I can’t just pick the best family by eyeballing the residuals. If the responses are all non-negative, you could experiment with a zero-hurdle gamma distribution. From your plot of the data it looks like the data are all less than one. If that’s structurally guaranteed by the setup, then you could experiment with a zero-inflated beta. Finally, you could experiment with distributional regression, for example by using predictors for sigma in a gaussian regression. However, if the data are guaranteed to be nonnegative, this wouldn’t be my first approach.

Note that loo is tricky for zero-hurdle continuous responses, because you have to choose how to weight the discrete and continuous parts. Not sure what the brms default for the hurdle_gamma family is; I would guess that it just uses the normalized mass (for zeros) and the normalized density (for nonzeros), which may or may not be a sensible way to do comparisons for your model.

Thank you very much for your answer !

I can’t just pick the best family by eyeballing the residuals. If the responses are all non-negative, you could experiment with a zero-hurdle gamma distribution. From your plot of the data it looks like the data are all less than one. If that’s structurally guaranteed by the setup, then you could experiment with a zero-inflated beta. Finally, you could experiment with distributional regression, for example by using predictors for sigma in a gaussian regression. However, if the data are guaranteed to be nonnegative, this wouldn’t be my first approach.

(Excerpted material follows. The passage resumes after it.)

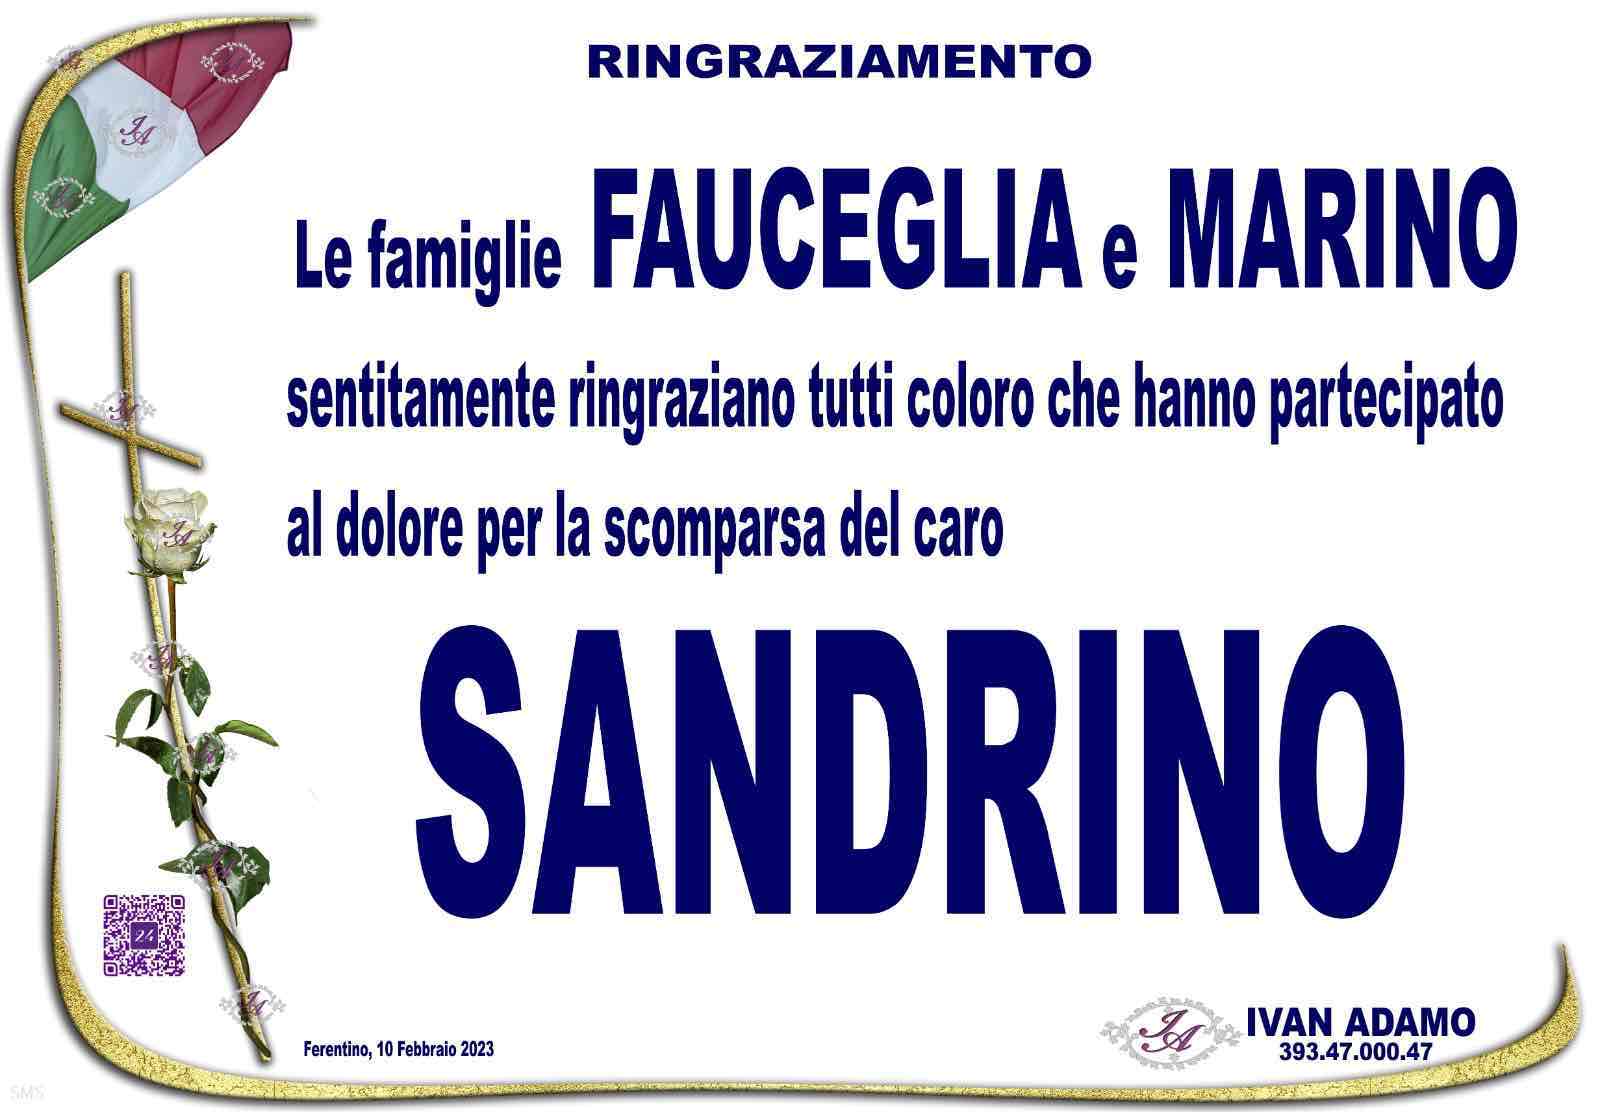 Sandrino Fauceglia

I haven’t given you much information about the variable itself, sorry.
The values of this response variable are between 0 and 1 (values shown below). However, only 3 values are equal to 0 (values of the attached variable for 51 populations of 21 different primate species (presence of several populations for certain species)).

Data$Nestedness

[1] 0.34951856 0.25666667 0.28632479 0.46828704 0.53333333 0.56378601 0.79343434 0.05555556 0.36190476
[10] 0.35119048 0.19753086 0.28571429 0.73015873 0.50610777 0.56628093 0.56438345 0.51700680 0.49106481
[19] 0.79828188 0.54916450 0.16896825 0.23807462 0.70555556 0.55962963 0.74711911 0.61085175 0.53331349
[28] 0.73518518 0.35218651 0.67286109 0.53333333 0.25915751 0.08881674 0.68780296 0.37000000 0.80000000
[37] 0.35867347 0.75402237 0.00000000 0.47272727 0.00000000 0.55555556 0.00000000 0.53333333 0.71428571
[46] 0.70740741 0.64774733 0.30000000 0.43939394 0.41851852 0.26923077

As you advised, I tested a zero-inflated-beta distribution and, as you mentioned below, when I compare my models with each other again, I obtain an elpd_diff of 0 between the models.
As this type of distribution is very useful when you have a lot of 0’s in your distribution, which is not necessarily my case, how can I check that this type of model is well suited to my data?

I apologise for all my questions so far, but I have to admit that I’m fairly new to this type of analysis.